-- Required action --
Set down the data again exactly. Pictures are not part of the copy.

-- Raw data --
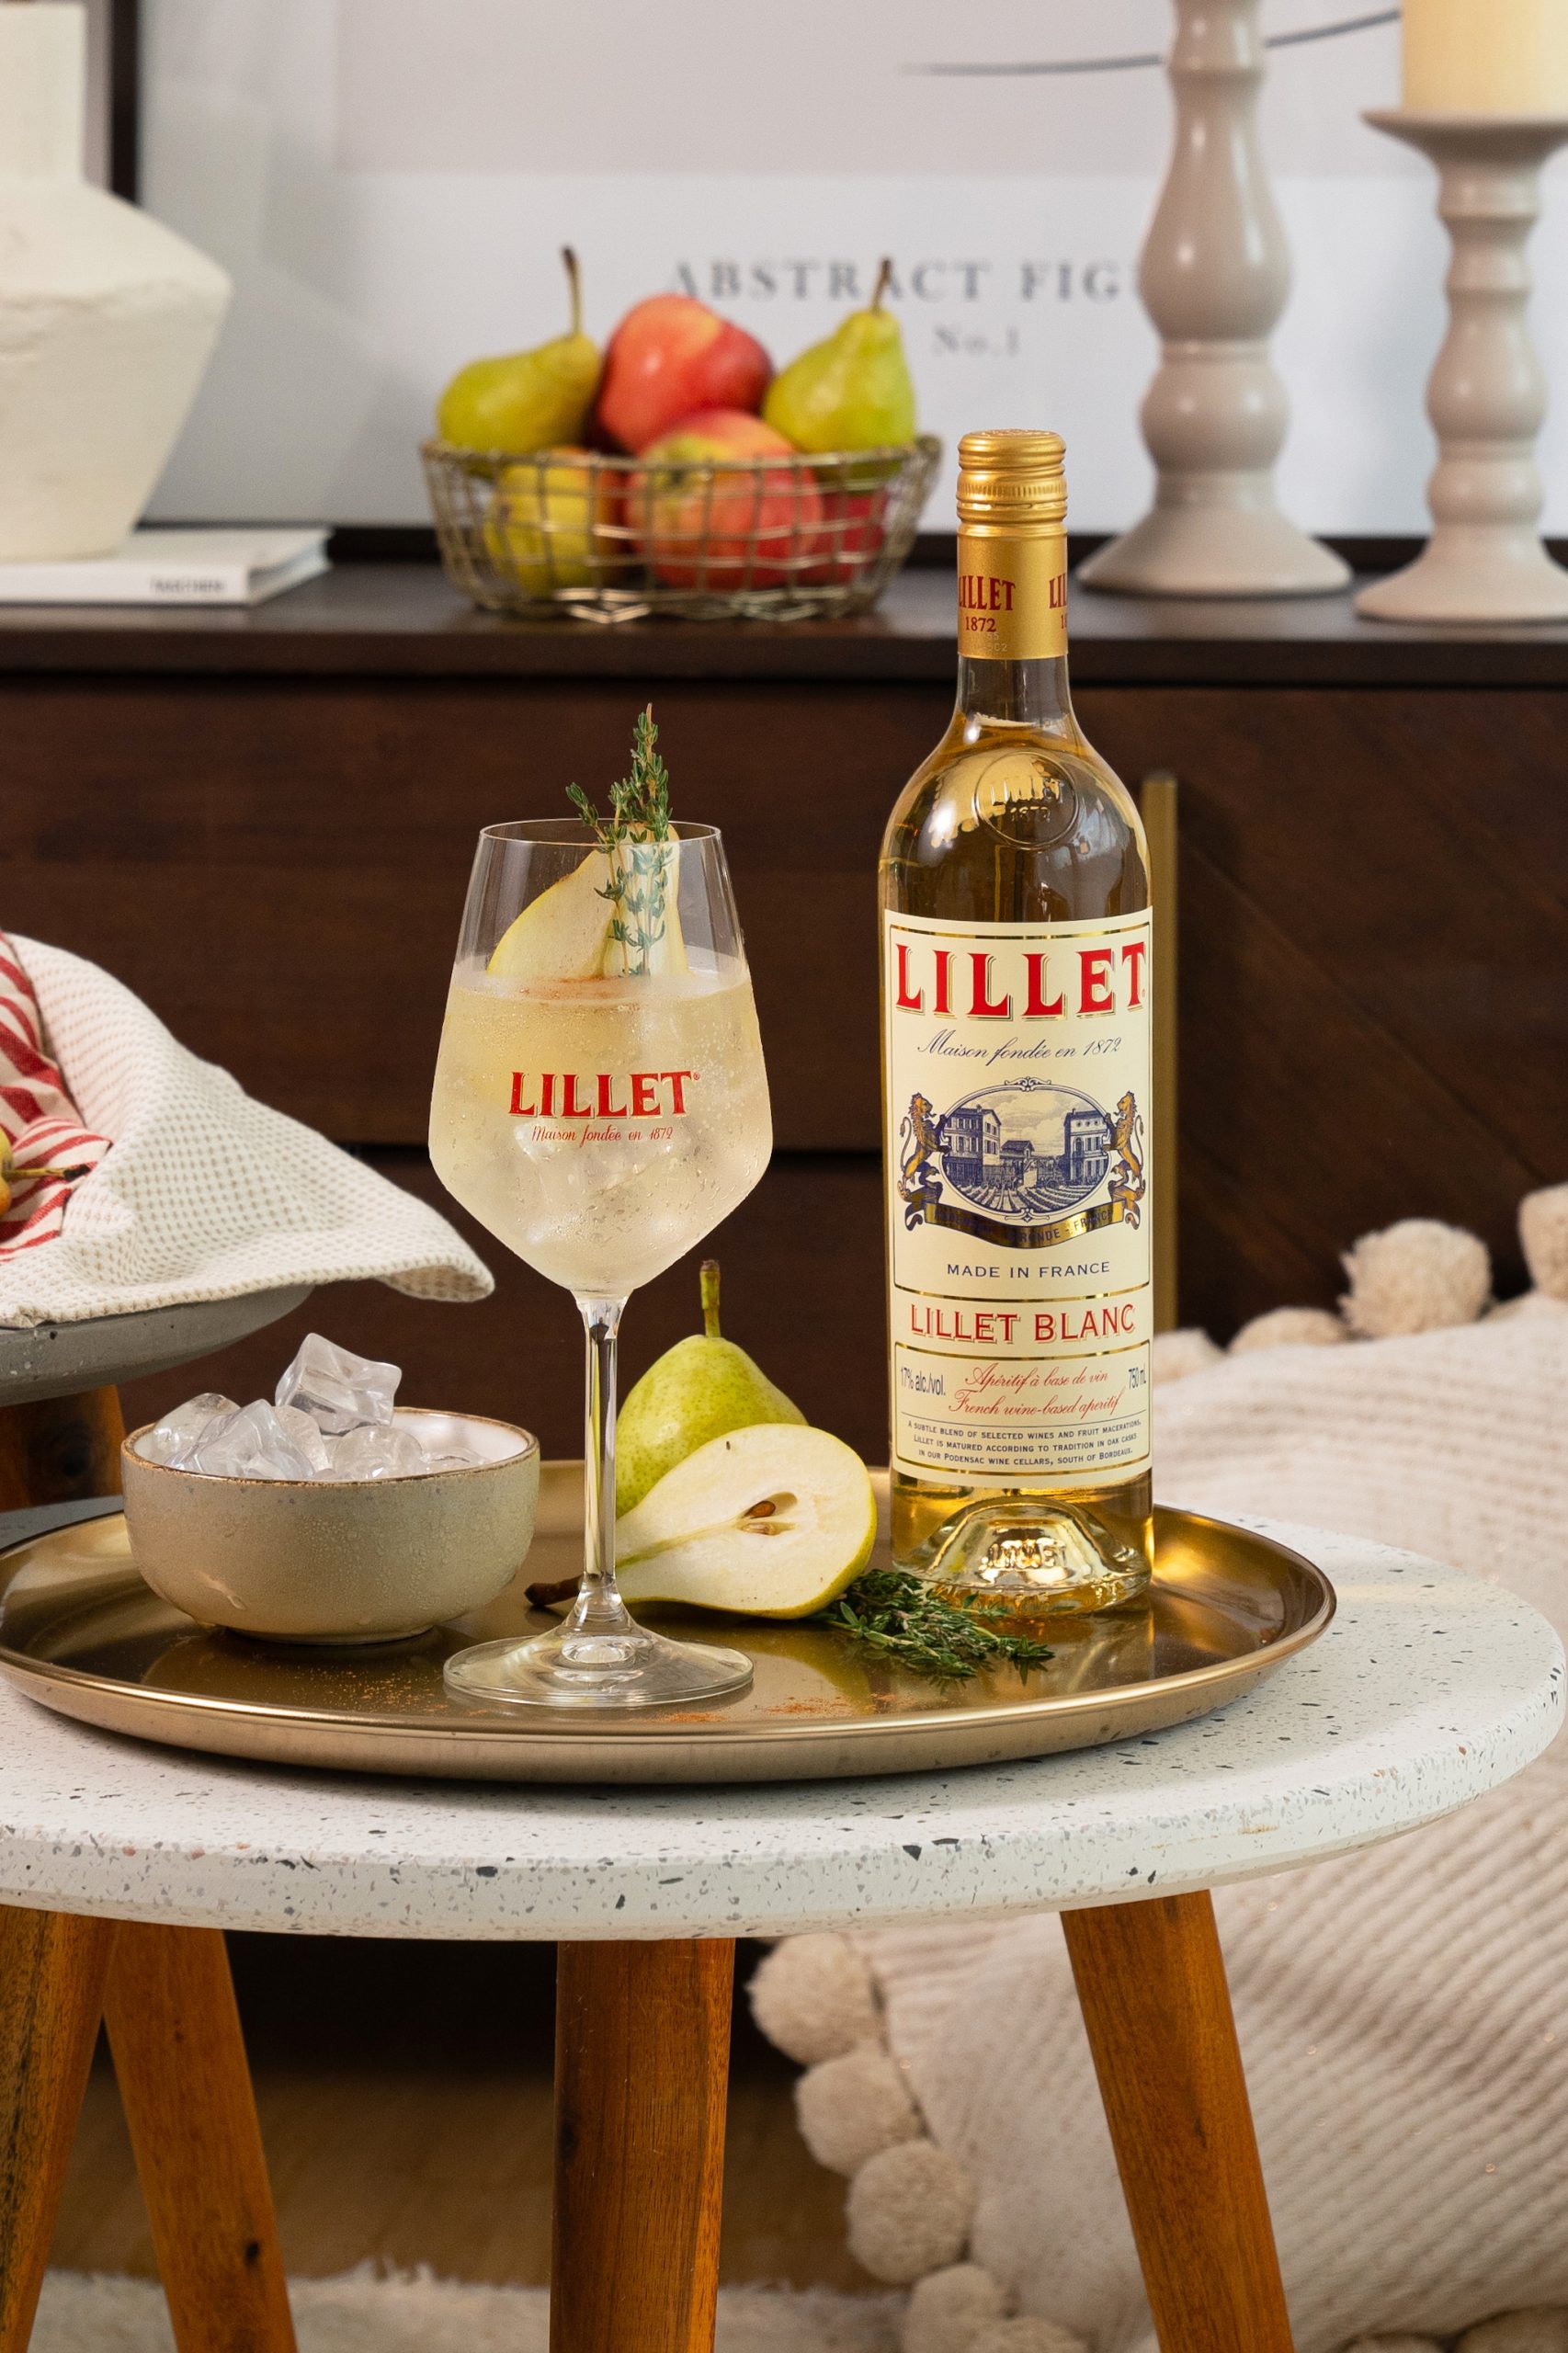 Lillet Winter Fizz: Lillet Blanc met spuitwater, peer en rozemarijn
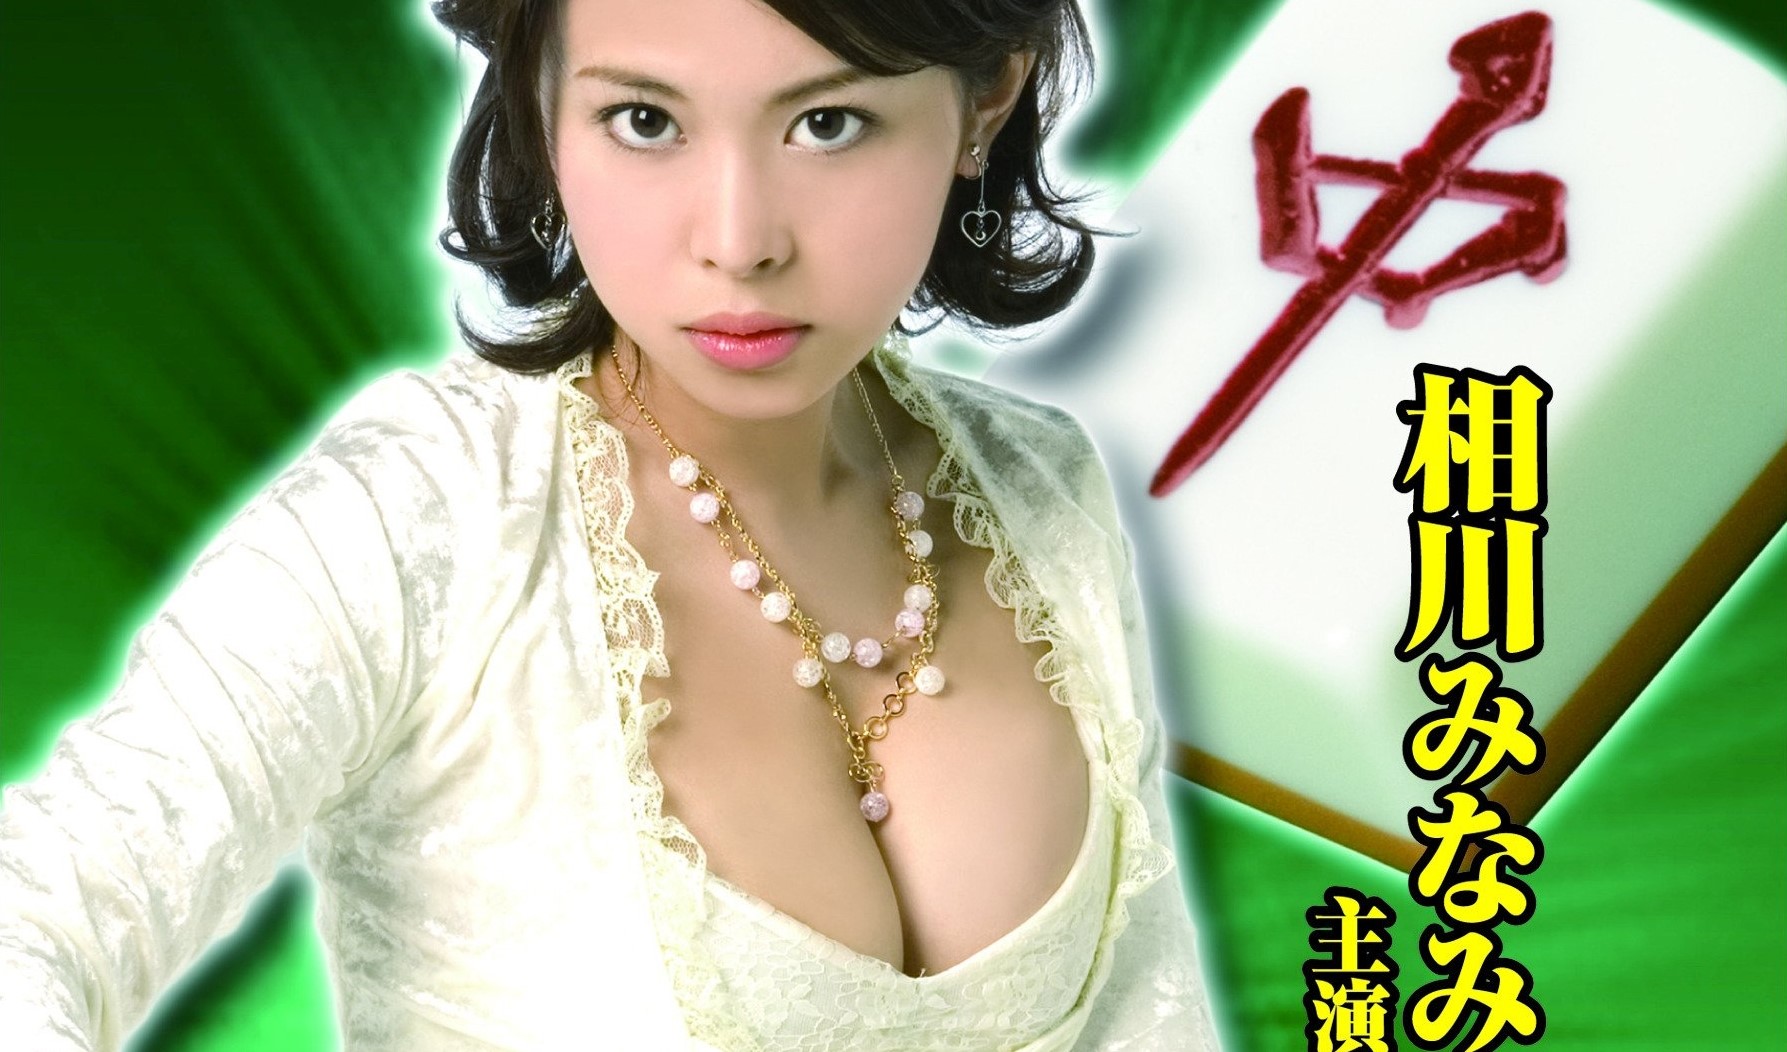 Peng Chang 2008 Japanese 480p HDRip 250MB Download
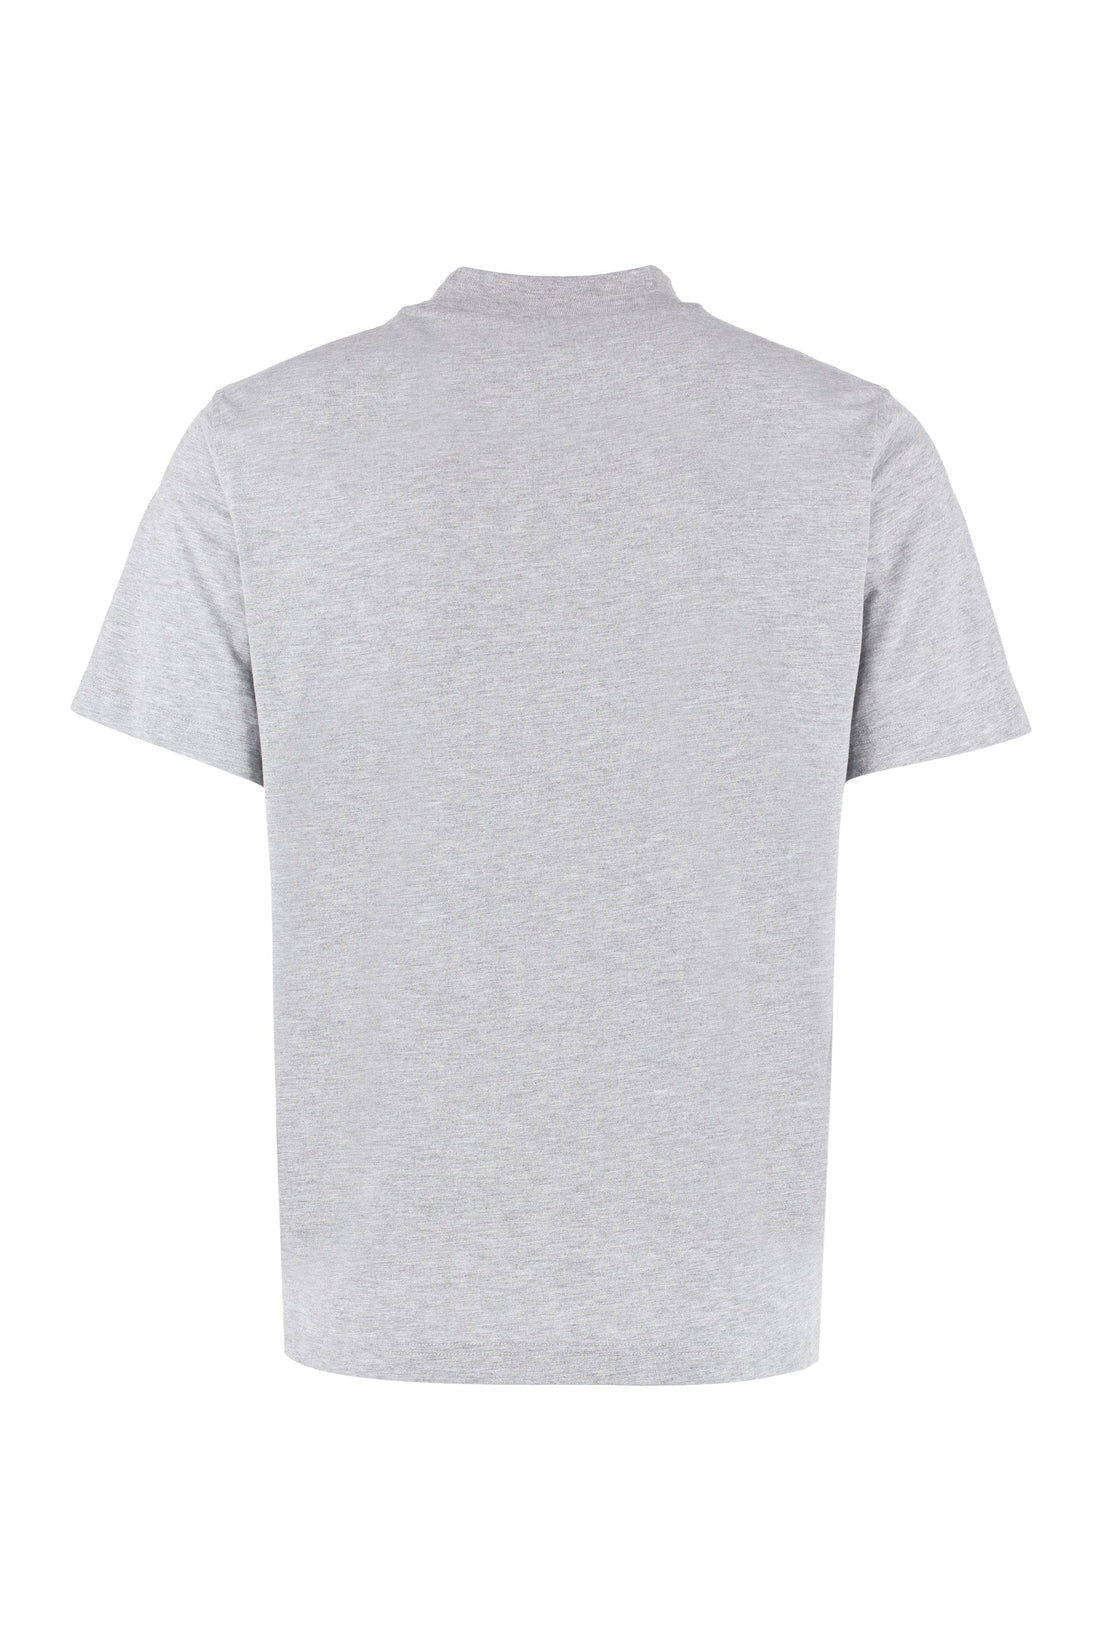 HYDROGEN-OUTLET-SALE-Logo print t-shirt-ARCHIVIST
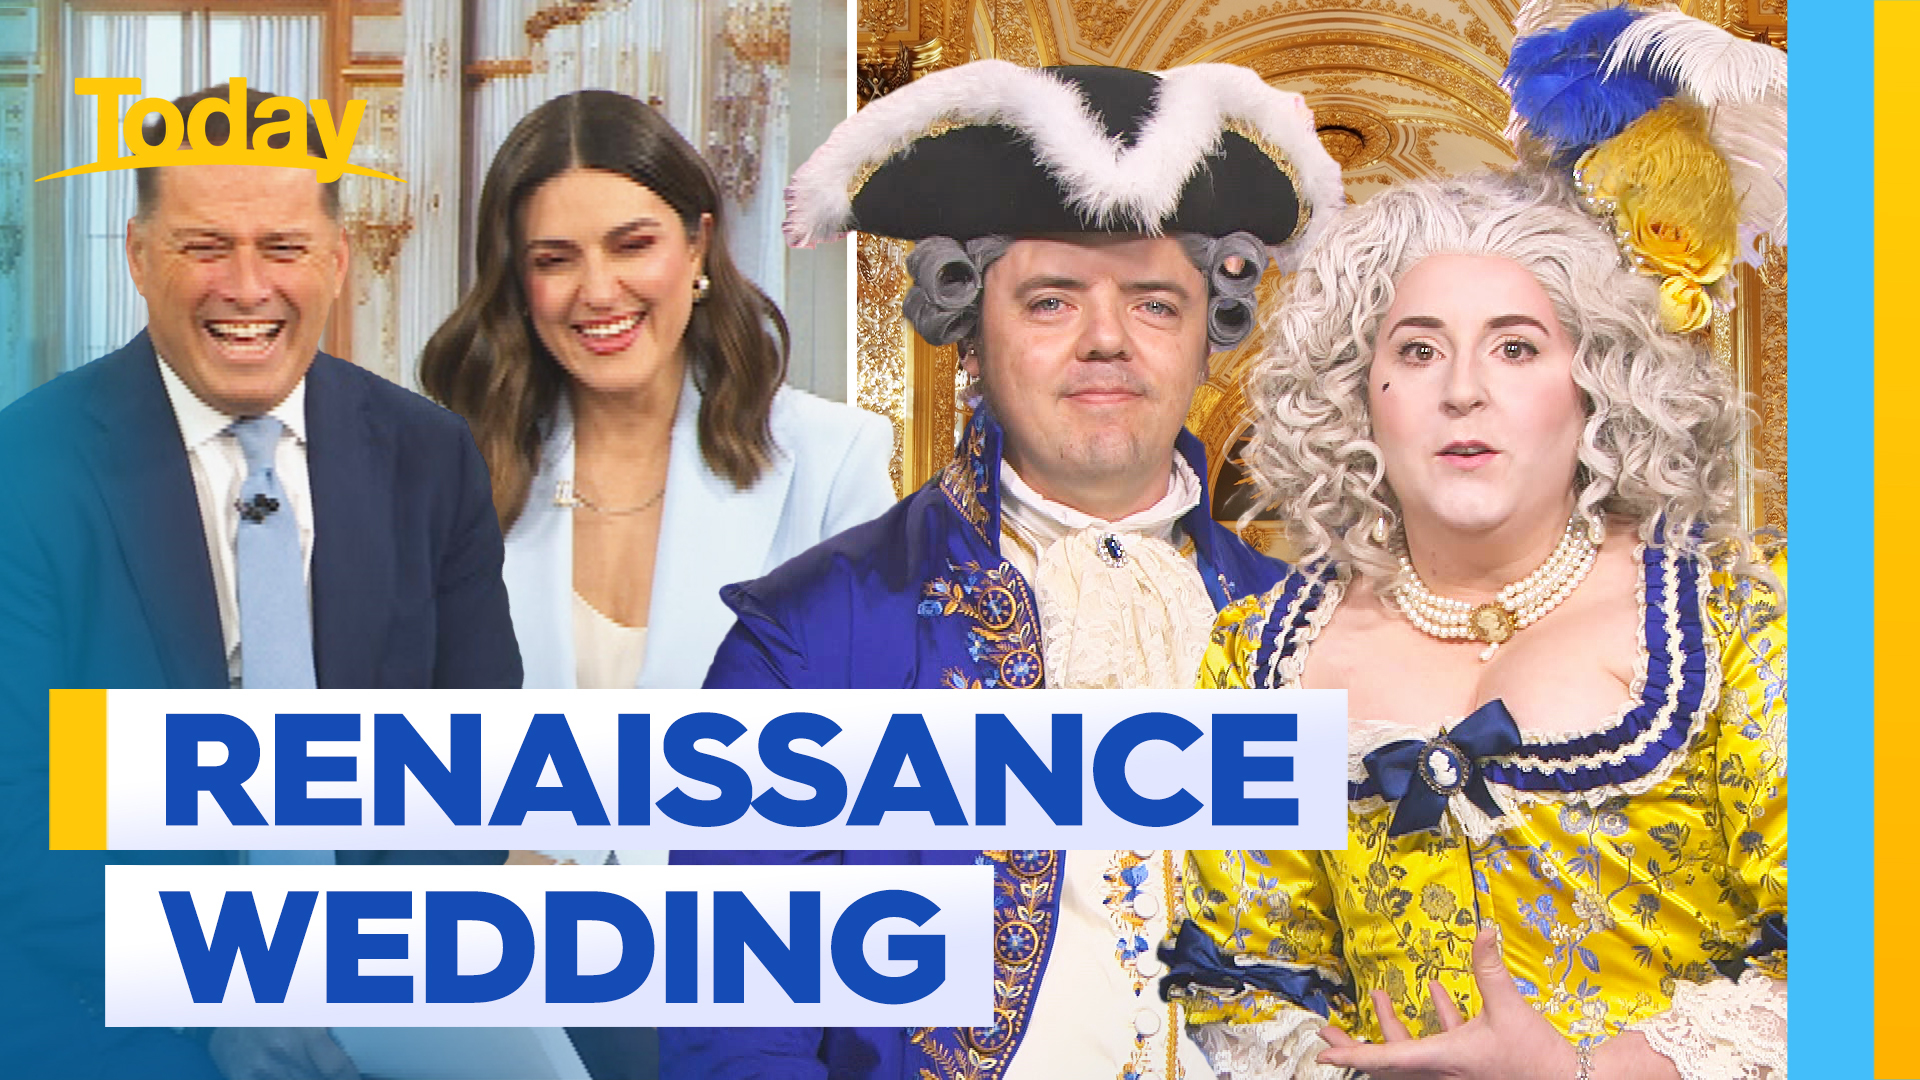 Aussie Bridgerton fans planning Renaissance inspired wedding

-- Your response --
 Lillet Winter Fizz: Lillet Blanc met spuitwater, peer en rozemarijn
 Peng Chang 2008 Japanese 480p HDRip 250MB Download
 HYDROGEN-OUTLET-SALE-Logo print t-shirt-ARCHIVIST
 Aussie Bridgerton fans planning Renaissance inspired wedding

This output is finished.